The 10 miles of four lanes were built in the median of State Route 91, the main freeway between Orange County and Riverside County. Roughly 270,000 cars travel the freeway every day, and the toll lanes offer a chance to save as much as an hour of commuting time at a cost of $5.50.
As traffic volume multiplied, however, the state realized one important limitation: There was a noncompete clause in the deal with California Private Transportation Co., the builder and owner of the toll road until 2030. That meant the public sector was prohibited from making any improvements in the corridor for 11/2 miles on either side of the road for the 30 miles from San Bernardino to Los Angeles County until 2030--a stretch of roadway where commuters were struggling with heavy traffic and around-the-clock congestion.

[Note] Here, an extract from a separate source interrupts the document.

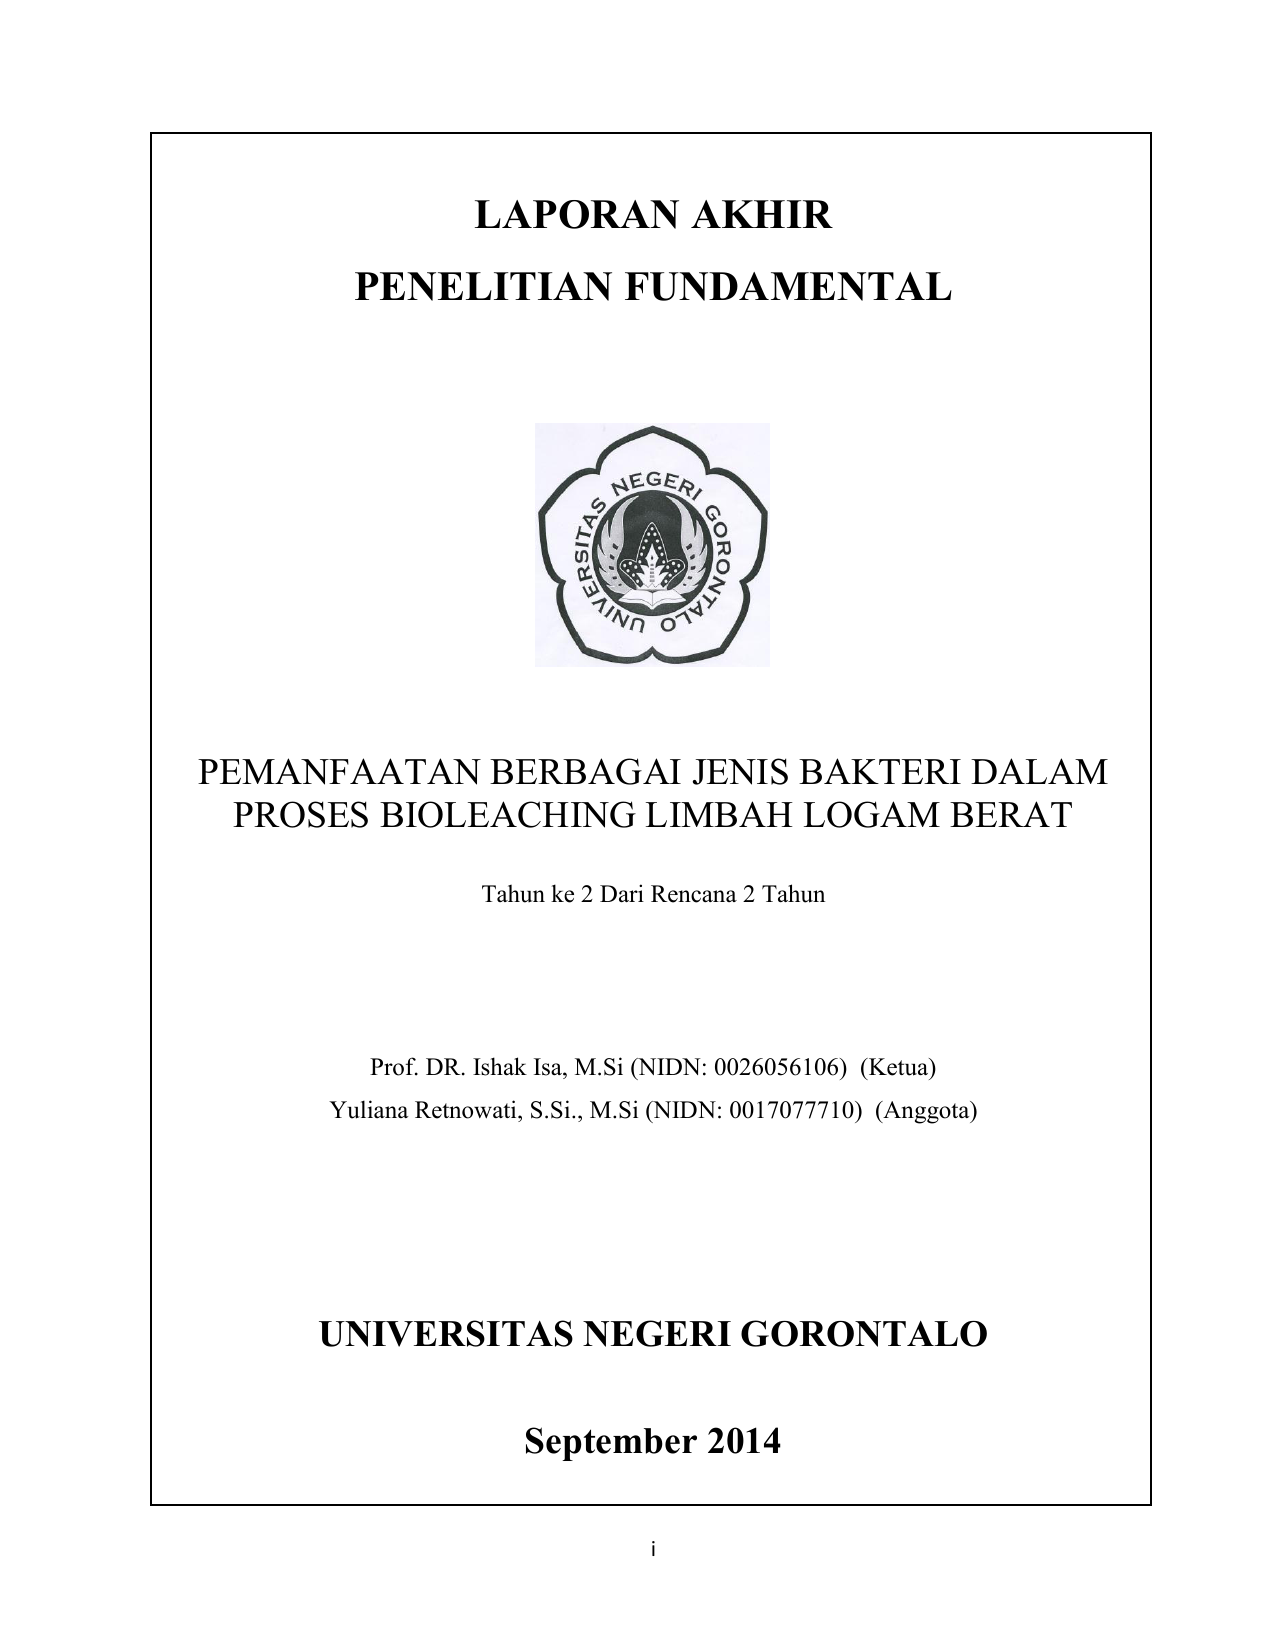 Repository UNG Universitas Negeri Gorontalo

"There was almost a citizen revolt," says James Kenan, treasurer of the Orange County Transportation Authority, of the county's inability to improve the situation. Riverside County went to court to challenge the constitutionality of the set-up, and last year the state, in essence, forced the toll road owner to sell the road to OCTA. The authority paid $72.5 million in cash and assumed a taxable debt of $135 million. That debt had been financed at a rate of 7.83 percent, which the authority moved to refinance as quickly as it could, ratcheting the rate down to 4.43 percent.
With the noncompete clause no longer a factor, improvements to the freeway can be made--as soon as the money becomes available.
ENERGY SAVER
Memphis Light Gas & WaterOne way for a city to reduce its electric bills is to conserve energy, but there's only so much a government can do to force its employees to turn down the lights and turn up the summer thermostat. Another approach is for a utility to offer a discount for prepayment of utility bills. Last year, the U.S. Internal Revenue Service made that tack more attractive by allowing tax-exempt financing of electricity prepayments. Memphis Light Gas & Water saw an opportunity and jumped on it.
The utility issued $1.5 billion in 15-year bonds to finance a prepayment to the Tennessee Valley Authority for electricity it had already contracted to receive. As a result, MLGW gets a discount on the power purchased via the prepayment transaction for the next 15 years. Savings are estimated at $225 million.